Special consideration regarding the exposure of pregnant women is warranted, since vinyl chloride has been shown to be a genotoxin; thus, medical counseling is recommended for the acutely exposed pregnant women.
Prehospital Management
- Victims exposed only to vinyl chloride gas pose no risk of secondary contamination to rescuers. Victims whose skin or clothing is contaminated with liquid vinyl chloride can contaminate rescuers by direct contact or through off-gassing of vapor.
- The primary target of vinyl chloride acute exposure is the CNS. Signs and symptoms include dizziness, ataxia, inebriation, fatigue, numbness and tingling of the extremities, visual disturbances, coma, and death.
- Vinyl chloride also can irritate the eyes, mucous membranes, and respiratory tract. Escaping compressed gas or liquid can cause frostbite or irritation of the skin and eyes.
- There is no antidote for vinyl chloride. Treatment consists of support of respiratory and cardiovascular functions.
Hot Zone
Rescuers should be trained and appropriately attired before entering the Hot Zone. If the proper equipment is not available, or if the rescuers have not been trained in its use, call for assistance from a local or regional hazardous materials (HAZMAT) team or other properly equipped response organization.
Rescuer Protection
Vinyl chloride gas is readily absorbed by inhalation and can irritate the respiratory tract. Liquid vinyl chloride on the skin or eyes can cause frostbite injury and irritation. A negligible amount of vinyl chloride is absorbed through the skin.
Respiratory Protection: Positive-pressure, self-contained breathing apparatus (SCBA) is recommended in response situations that involve exposure to any level of vinyl chloride gas.

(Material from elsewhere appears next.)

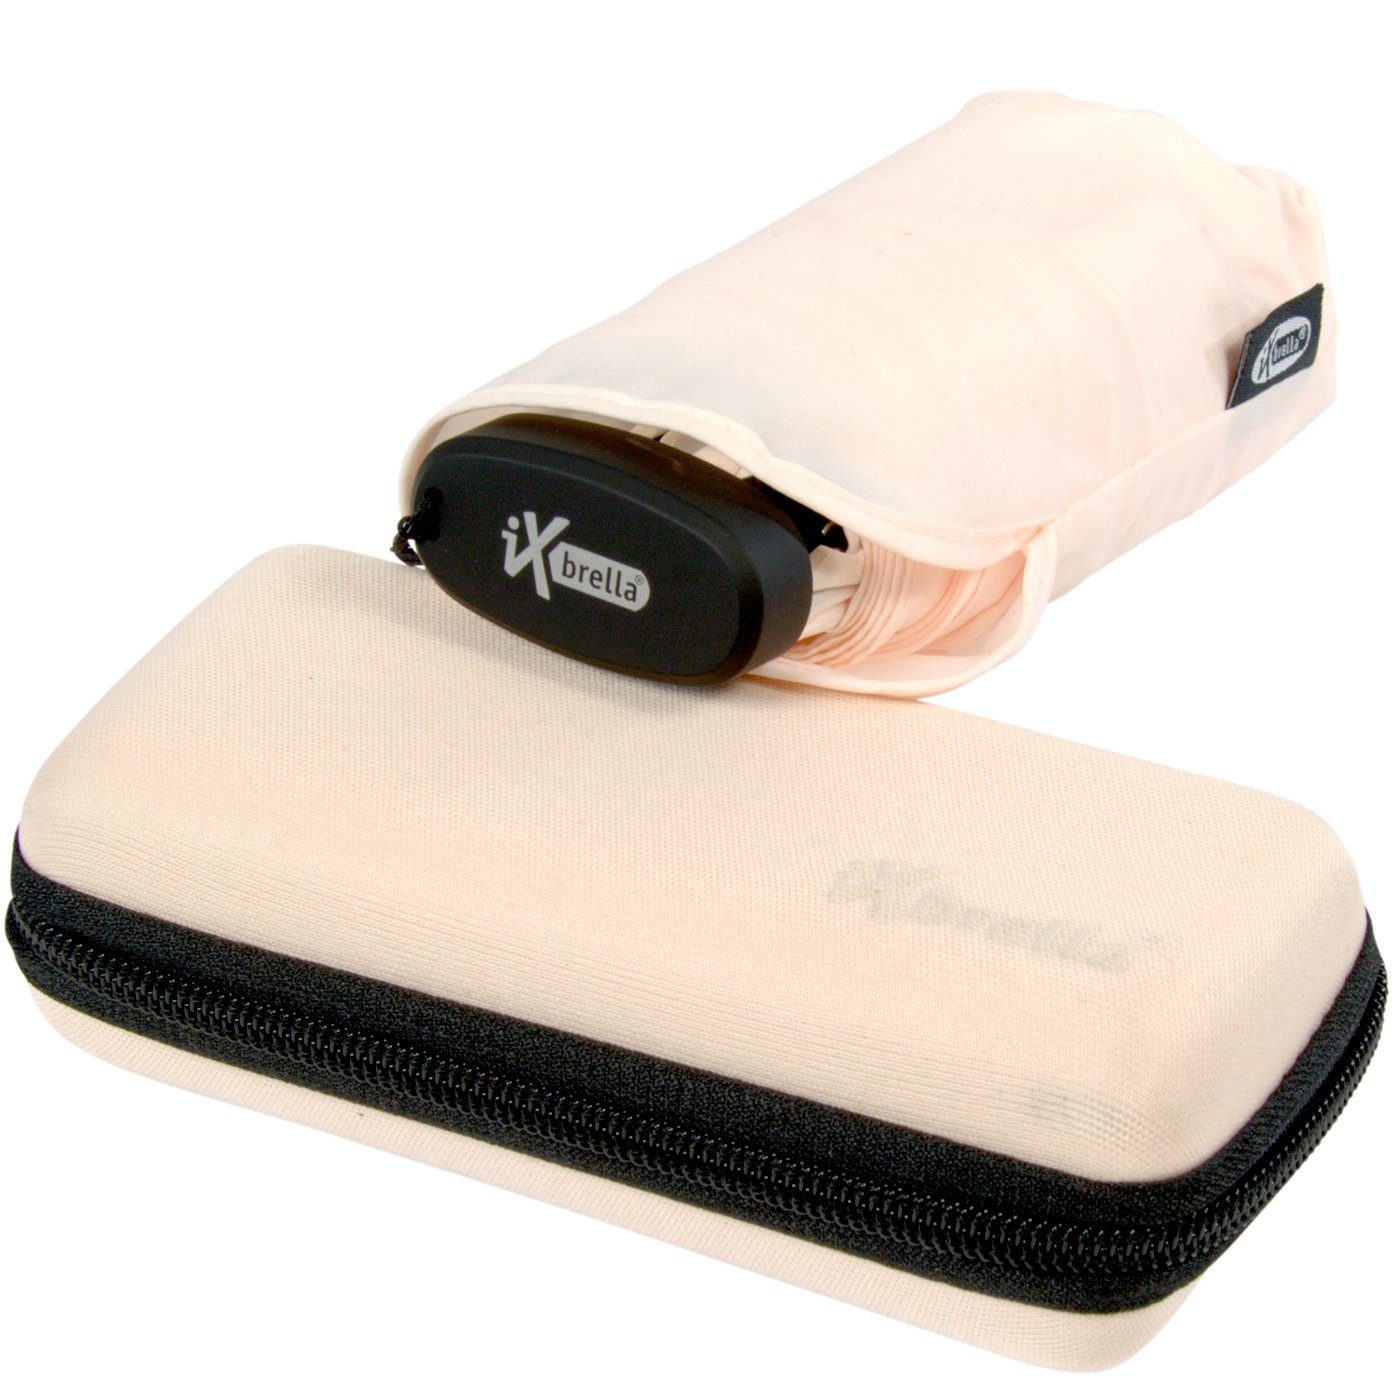 iX-brella Taschenregenschirm Ultra Mini 15 cm winziger Schirm im Handy Format, ultra-klein, mit Softcase-Etui - sea salt hellrosa

Skin Protection: Chemical-protective clothing is recommended when contact with escaping compressed gas or liquid is anticipated because skin irritation and frostbite injury can occur.
ABC Reminders
Quickly access for a patent airway, ensure adequate respiration and pulse. Provide supplemental oxygen if cardiopulmonary compromise is suspected. If trauma is suspected, manually maintain cervical immobilization and apply a cervical collar and a backboard when feasible. Apply direct pressure to stop any heavy bleeding.
Victim Removal
If victims can walk, lead them out of the Hot Zone to the Decontamination Zone. Victims who are unable to walk should be removed on backboards or gurneys. If these are not available, carefully carry or drag victims to safety.

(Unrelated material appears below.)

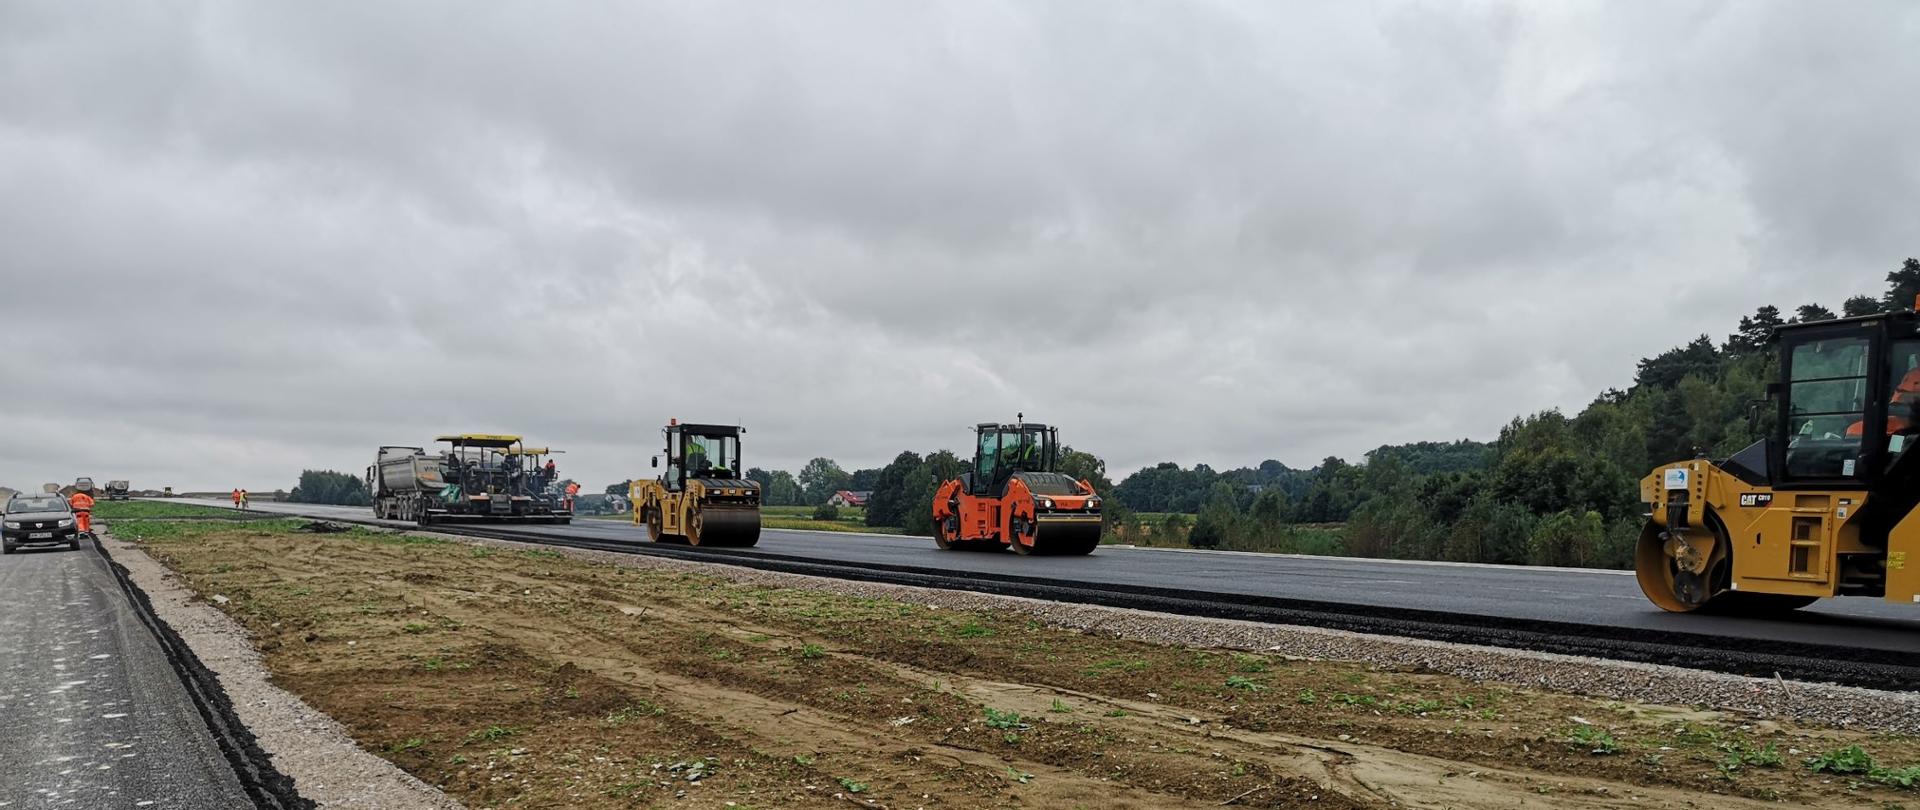 S7 budowa Miechów-Szczepanowice, walce drogowe wyrównują i zagęszczają układany asfalt

Consider appropriate management of chemically contaminated children, such as measures to reduce separation anxiety if a child is separated from a parent or other adult.
Decontamination Zone
Victims exposed only to vinyl chloride gas who have no eye irritation do not need decontamination. They may be transferred immediately to the Support Zone. All others require decontamination as described below.
Rescuer Protection
If exposure levels are determined to be safe, decontamination may be conducted by personnel wearing a lower level of protection than that required in the Hot Zone (see Rescuer Protection under Hot Zone, above).
ABC Reminders
Quickly access for a patent airway, ensure adequate respiration and pulse. Provide supplemental oxygen if cardiopulmonary compromise is suspected. If trauma is suspected, manually maintain cervical immobilization and apply a cervical collar and a backboard when feasible. Administer supplemental oxygen as required. Assist ventilation with a bag-valve-mask device if necessary. Apply direct pressure to stop any heavy bleeding.
Basic Decontamination
Basic Decontamination Victims who are able may assist with their own decontamination. Remove and double bag contaminated clothing and all personal belongings.
Handle frostbitten skin and eyes with caution. Gently wash exposed skin and hair very thoroughly with mild soap and water (preferably under a shower). Rinse thoroughly with water. Use caution to avoid hypothermia when decontaminating children or the elderly. Use blankets or warmers when appropriate.
Do not irrigate frostbitten eyes. Irrigate exposed or irritated eyes with plain water or saline for at least 15 minutes. Remove contact lenses if easily removable without additional trauma to the eye. If pain or injury is evident, continue irrigation while transferring the victim to the Support Zone.
Consider appropriate management of chemically contaminated children at the exposure site. Also, provide reassurance to the child during decontamination, especially if separation from a parent occurs. If possible, seek assistance from a child separation expert.
Transfer to Support Zone
As soon as basic decontamination is complete, move the victim to the Support Zone.
Support Zone
Be certain that victims have been decontaminated properly (see Decontamination Zone above). Victims who have undergone decontamination or have been exposed only to vinyl chloride gas pose no serious risk of secondary contamination to rescuers. In such cases, Support Zone personnel require no specialized protective gear.
ABC Reminders
Quickly access for a patent airway. If trauma is suspected, maintain cervical immobilization manually and apply a cervical collar and a backboard when feasible. Ensure adequate respiration and pulse. Administer supplemental oxygen as required and establish intravenous access if necessary. Place on a cardiac monitor.
Additional Decontamination
Continue irrigating exposed skin and eyes, as appropriate.
Advanced Treatment
In cases of respiratory compromise secure airway and respiration via endotracheal intubation. If not possible, perform cricothyroidotomy if equipped and trained to do so.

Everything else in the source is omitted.